▶ _About this task_: Pictures in the entries below are excluded; copy only the lines from the one containing "Аккорды на аккордеоне схема" to the one containing "Rocca Massima: Festeggiamenti", both included.

▶ _Given information_:
┌────────

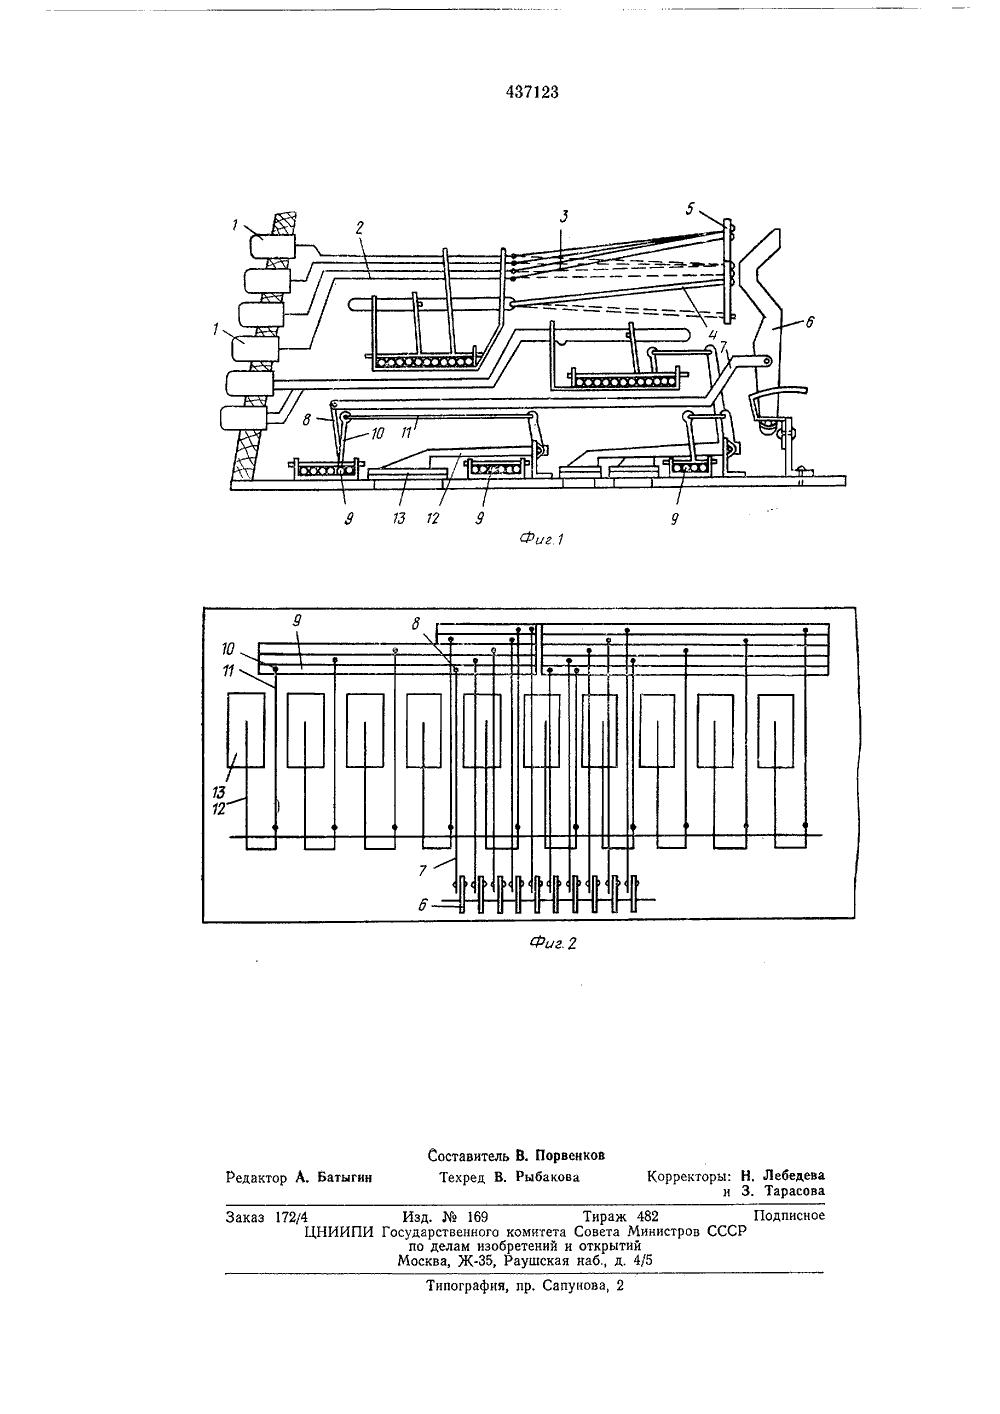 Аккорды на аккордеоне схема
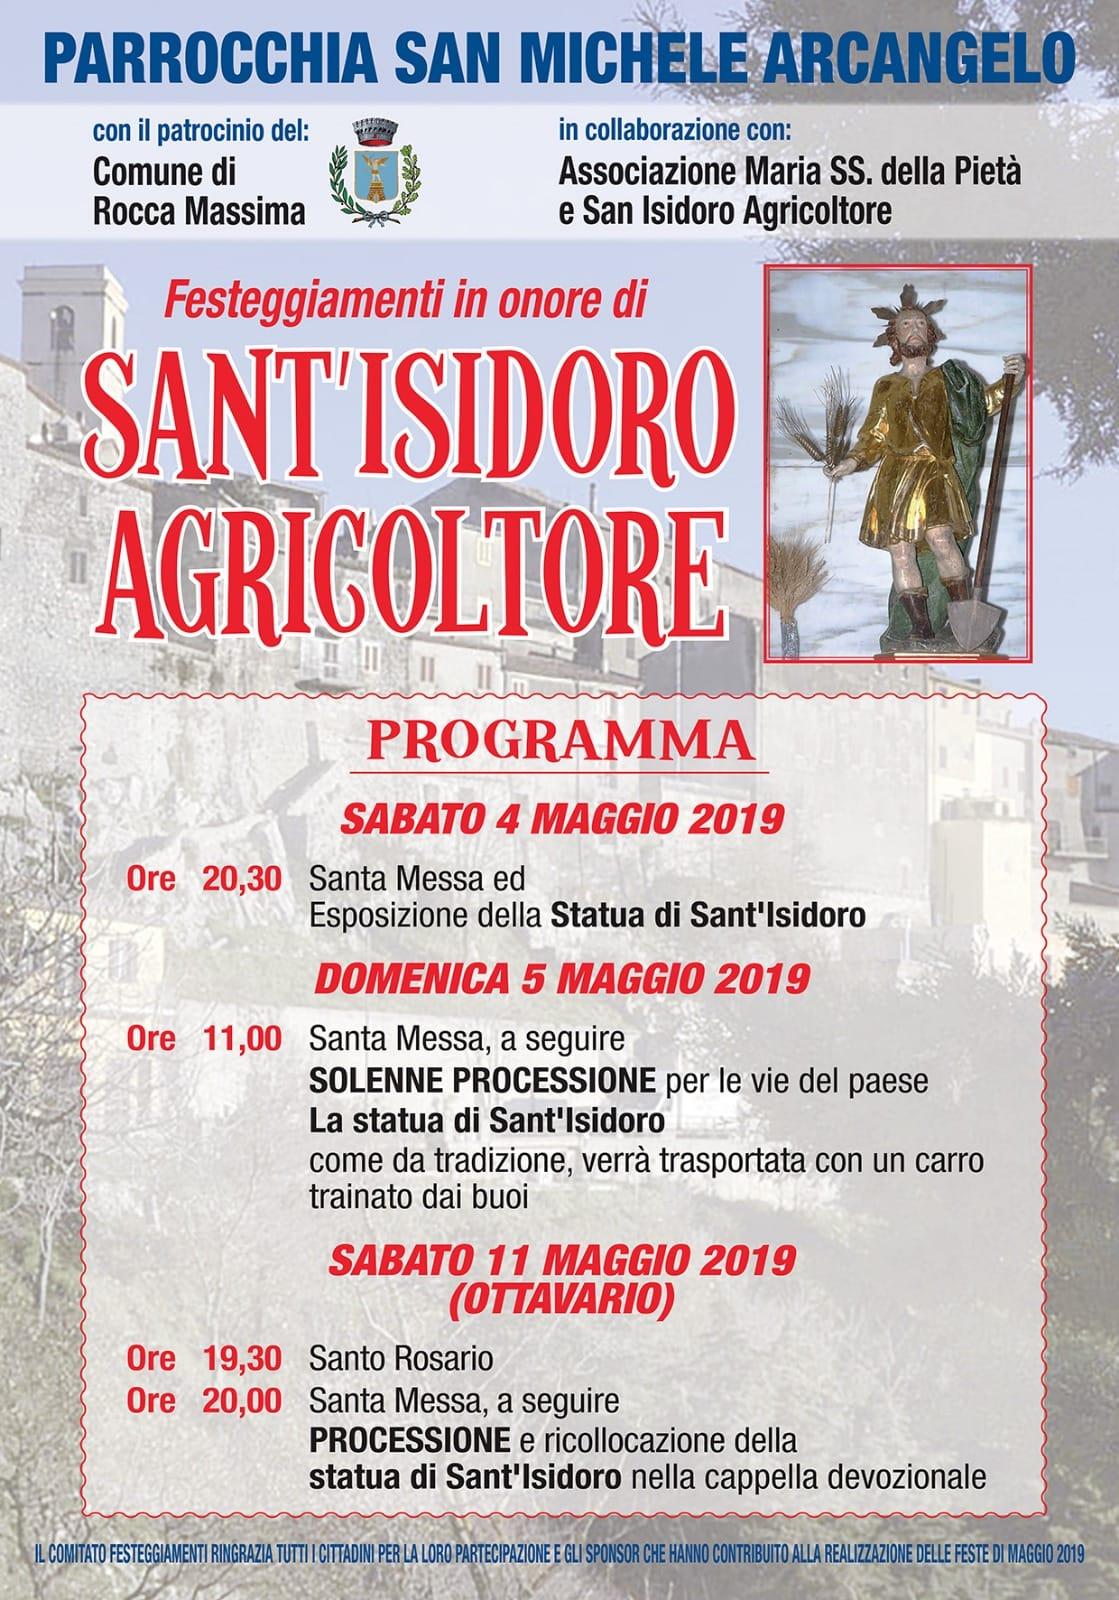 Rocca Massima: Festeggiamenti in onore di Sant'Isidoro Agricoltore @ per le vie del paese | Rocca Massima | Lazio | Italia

└────────
┌────────

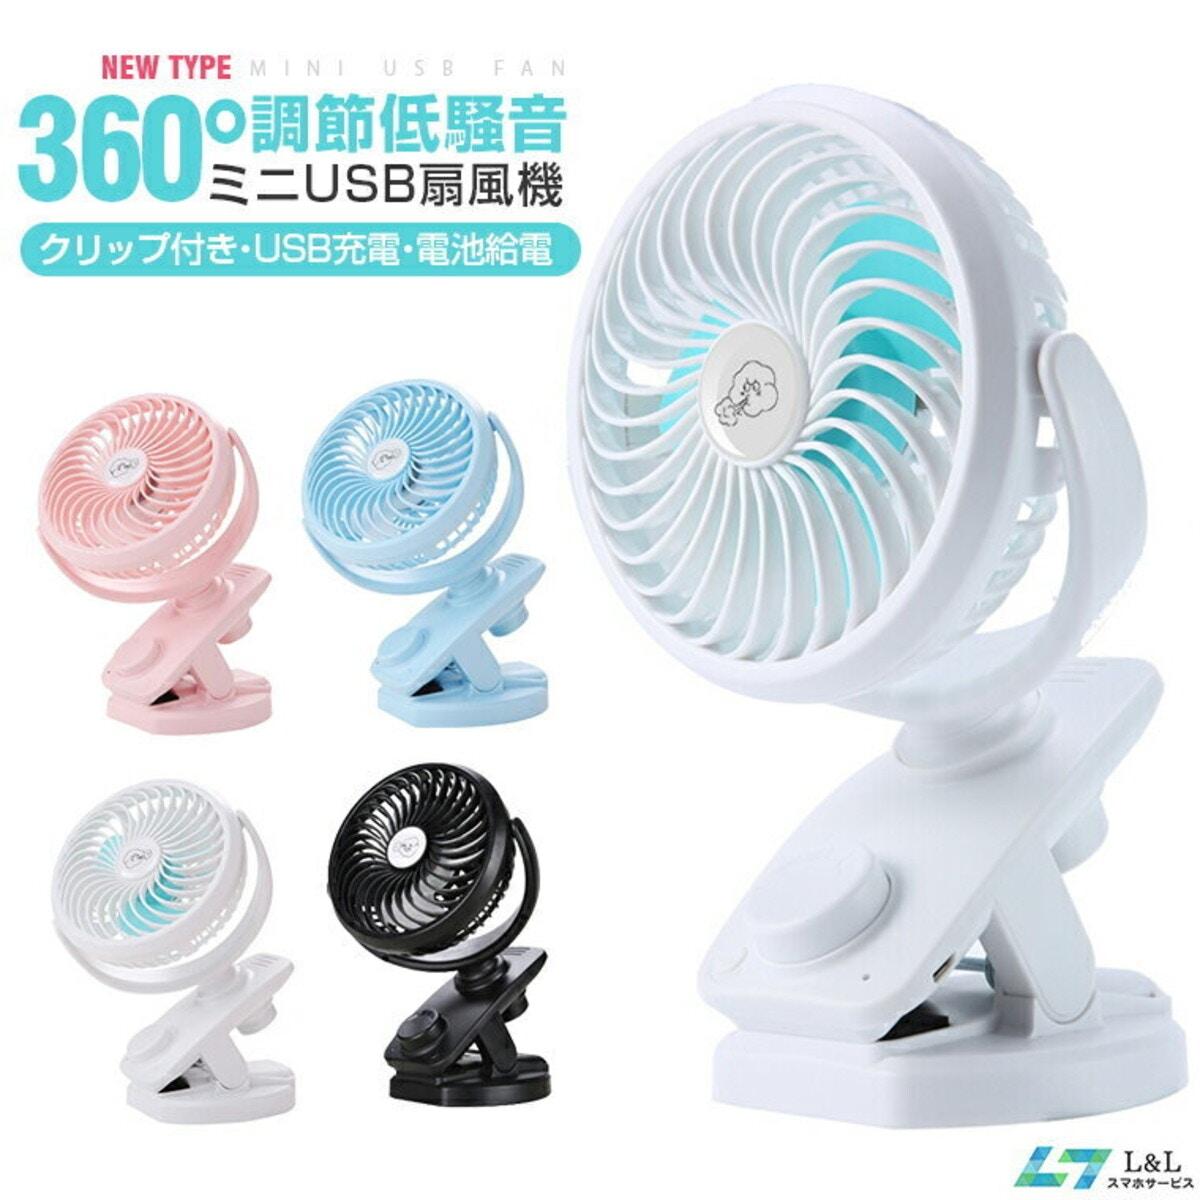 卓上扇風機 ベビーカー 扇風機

└────────
┌────────

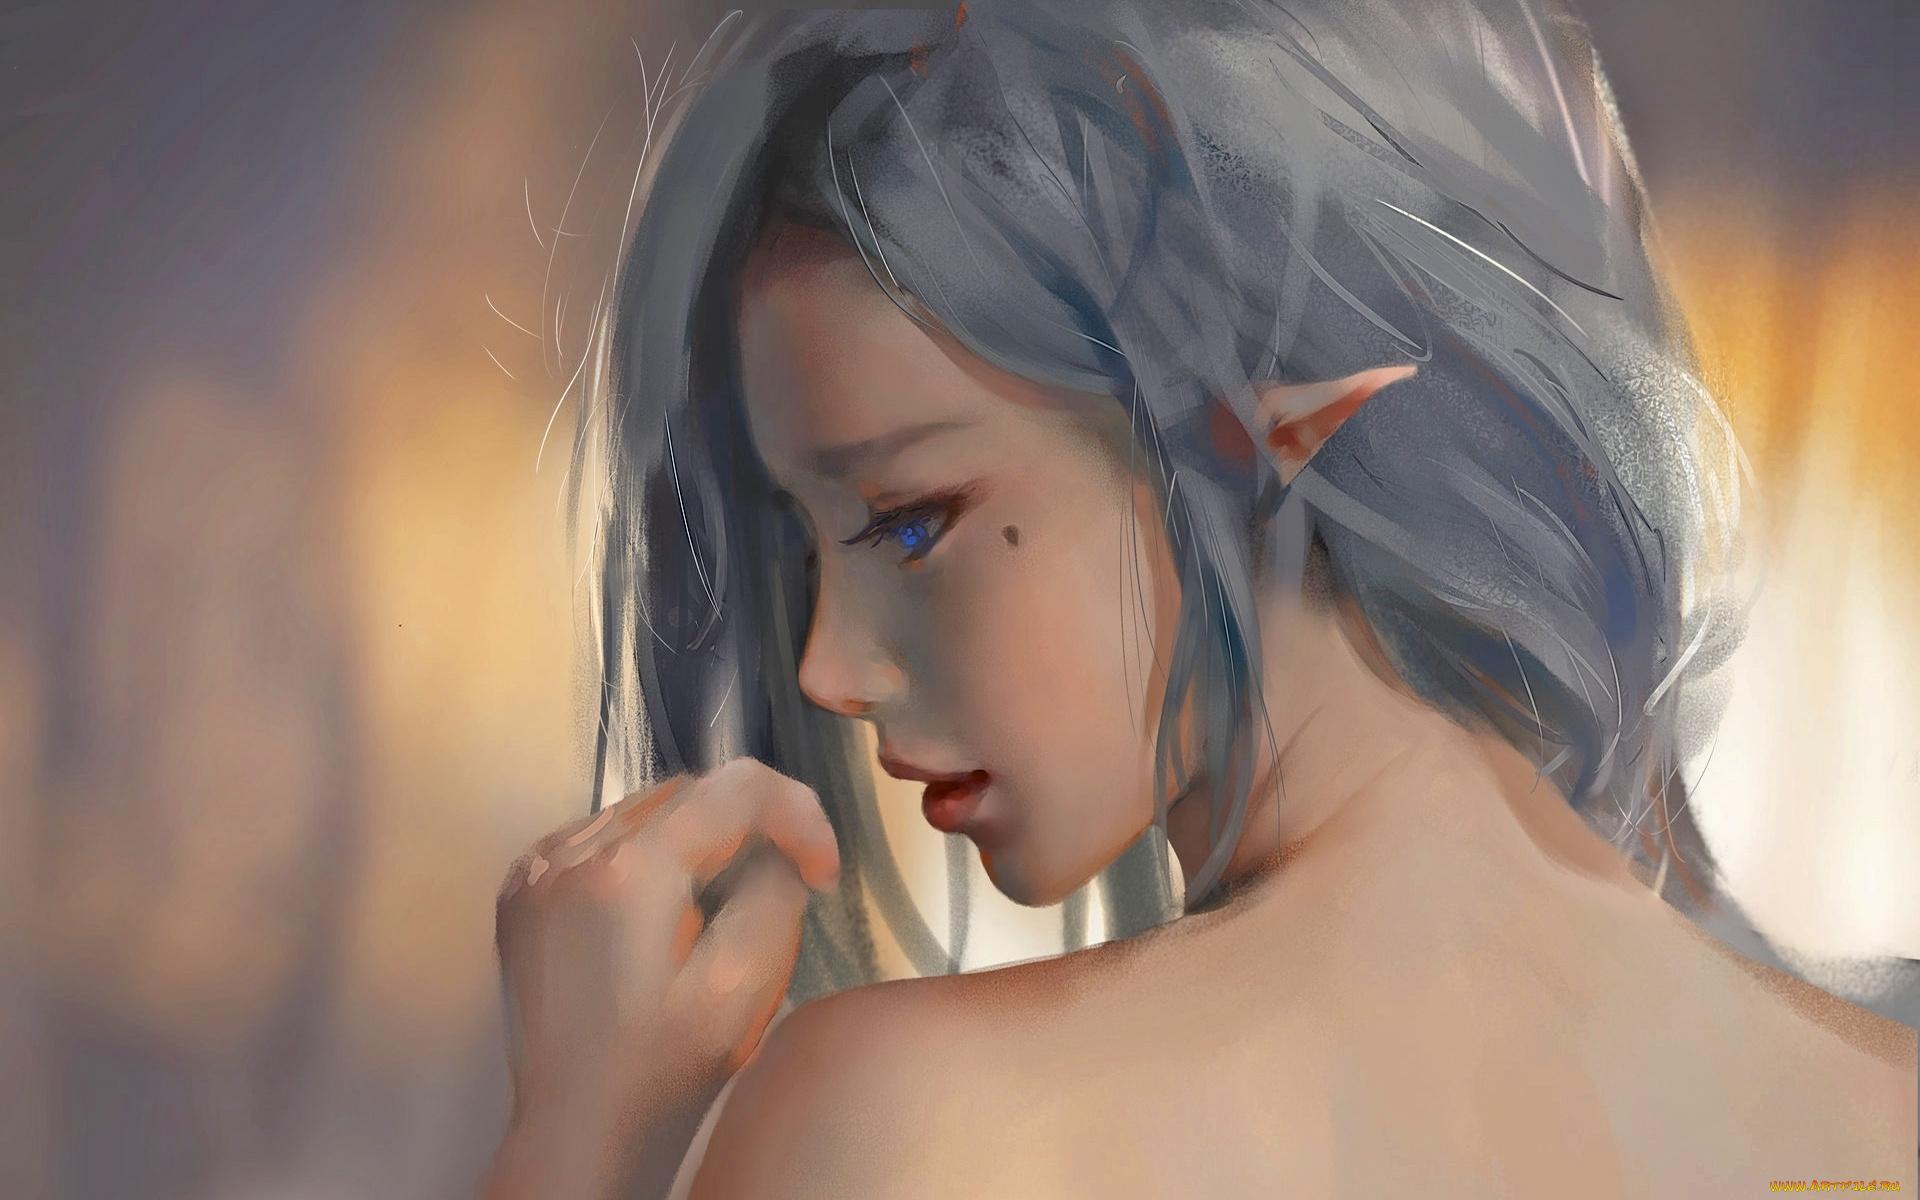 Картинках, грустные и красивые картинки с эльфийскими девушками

└────────

▶ _Answer space_:
 Аккорды на аккордеоне схема
 Rocca Massima: Festeggiamenti in onore di Sant'Isidoro Agricoltore @ per le vie del paese | Rocca Massima | Lazio | Italia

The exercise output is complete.